President Trump, for one, has taken to calling Warren “Pocahontas,” while Native American groups have increased pressure on the liberal senator to distance herself from the claim.

Ayyadurai first displayed campaign signs on the bus last March, initially with the message “Shiva 4 Senate/Be the Light,” then “Shiva U.S. Senate/Fight for America.”

But when he put up his new campaign slogan on March 17, city officials immediately threatened him with $300 per day in fines over alleged zoning violations.

“This is a political vendetta by city officials who are supporters of Elizabeth Warren,” Ayyadurai, who was born in Bombay, India, told The Washington Times.

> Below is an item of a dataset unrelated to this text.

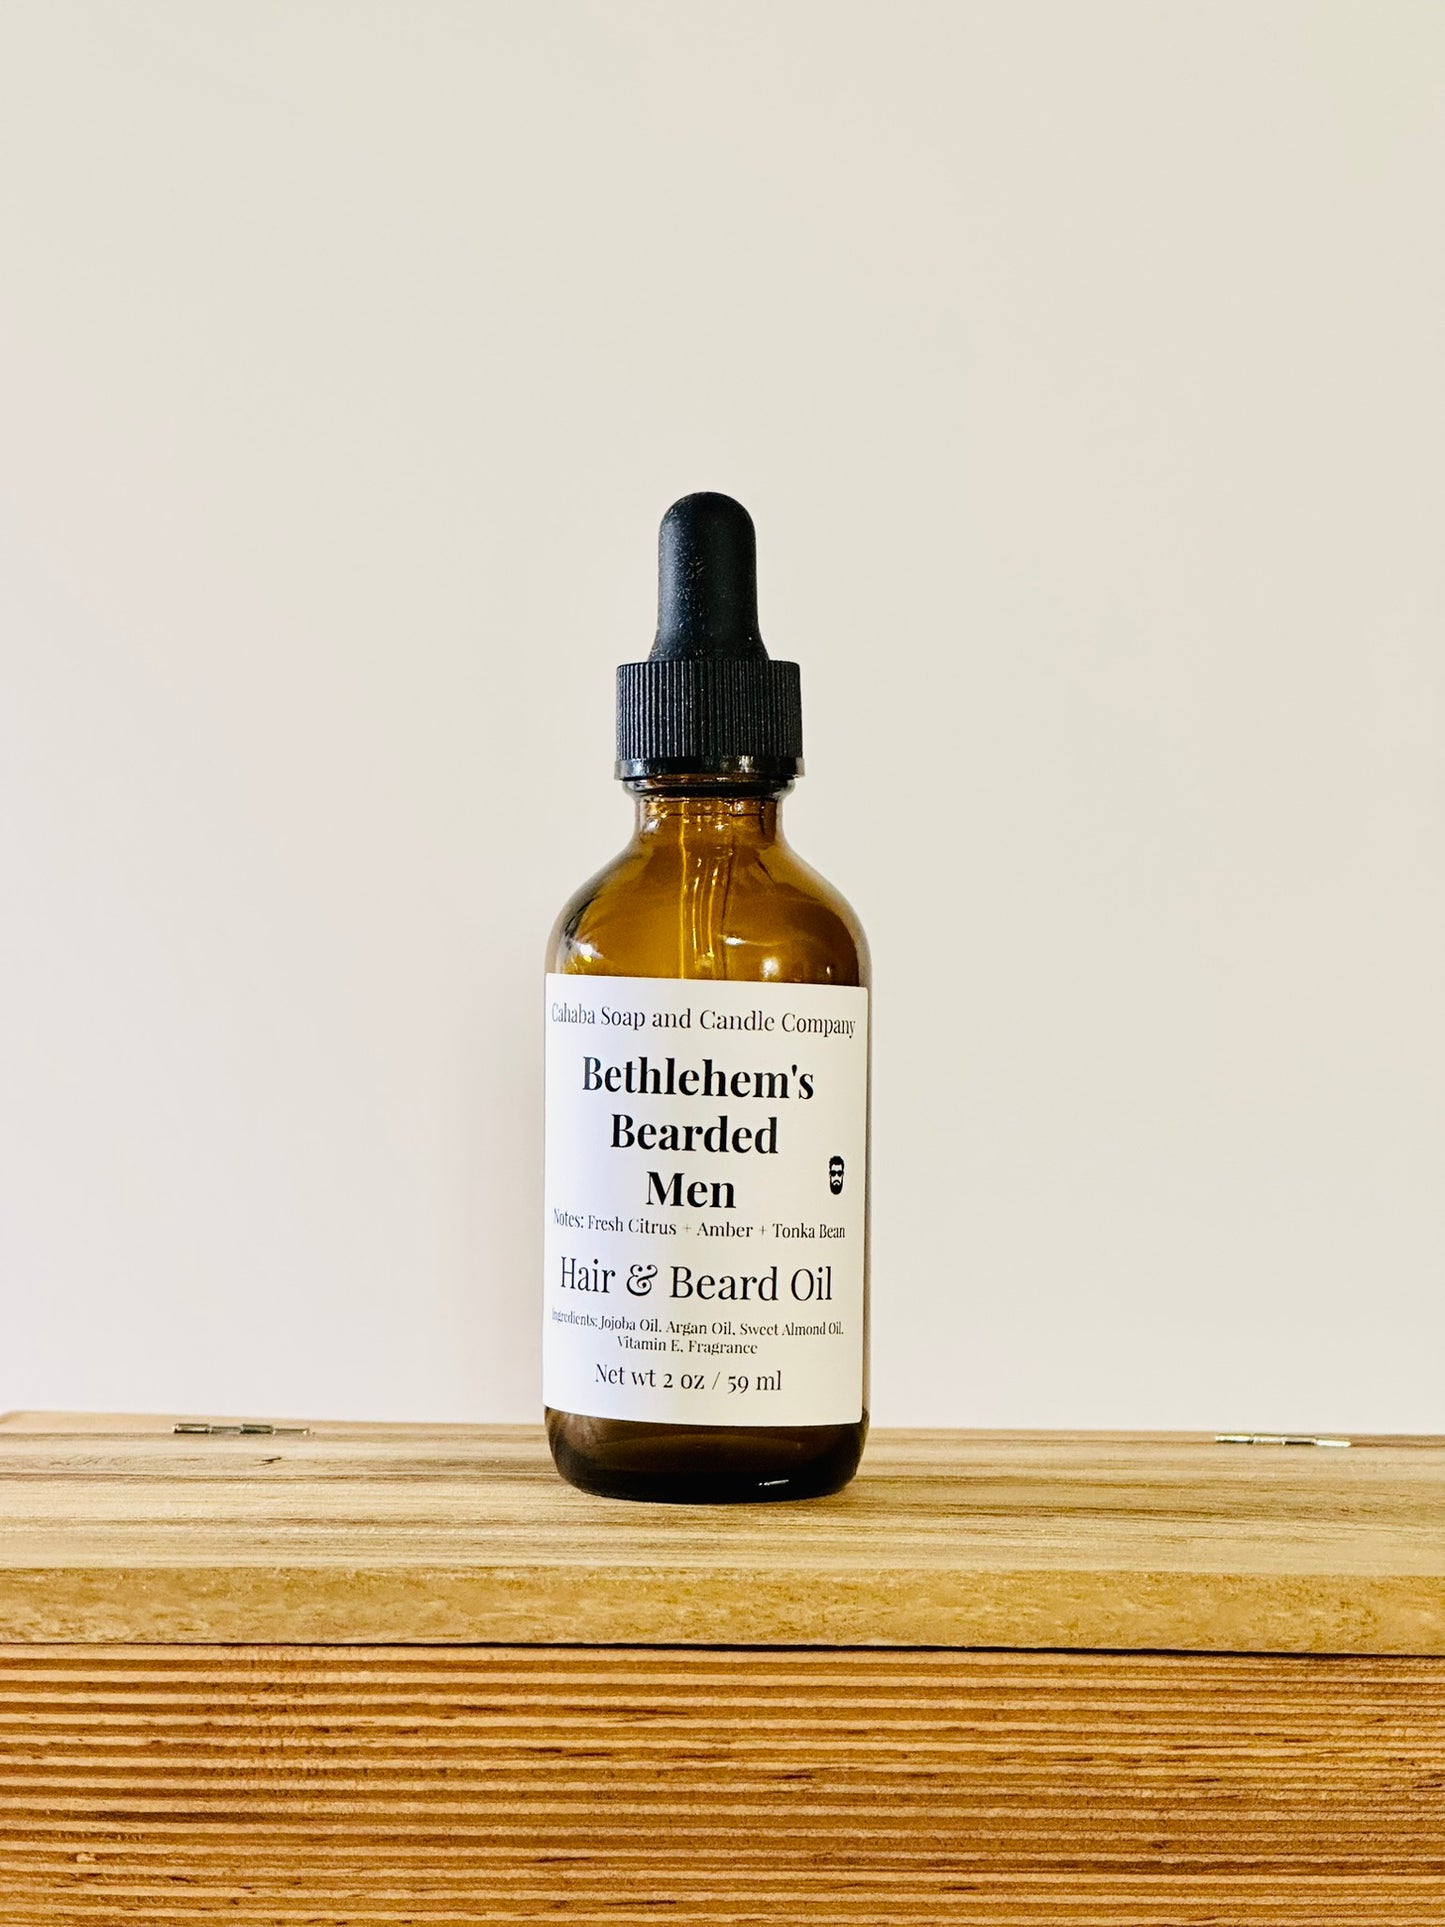 Hair and Beard Oil - Cahaba Soap and Candle Company

“They didn’t say anything when we had the first sign,” he said. “It was only when we put up, ‘Only a real Indian can defeat the fake India,’ so it’s clearly trying to censor speech.”

Ayyadurai said the banner isn’t coming down, and he’s now suing the city in federal court over free-speech violations.

“We will not remove the slogan from our bus,” he said. “We will defend the First Amendment, and we will fight this egregious attack on the First Amendment, at any cost.”

Cambridge building inspector Branden Vigneault wrote in an April 5 letter to Ayyadurai that he received “a series of anonymous complaints” about the campaign signs, which cover both sides of the large bus.

Vigneault wrote that an inspection determined the signs were put up “without approvals and permits” and violate zoning.

Ayyadurai contends the building code applies to buildings, not buses.

And while he’s calling BS on city officials, Cherokee genealogist Twila Barnes has called BS on Warren’s family Indian stories.

“The problem with Warren’s story is that none of the evidence supports it,” she wrote in her blog Thoughts from Polly’s Granddaughter.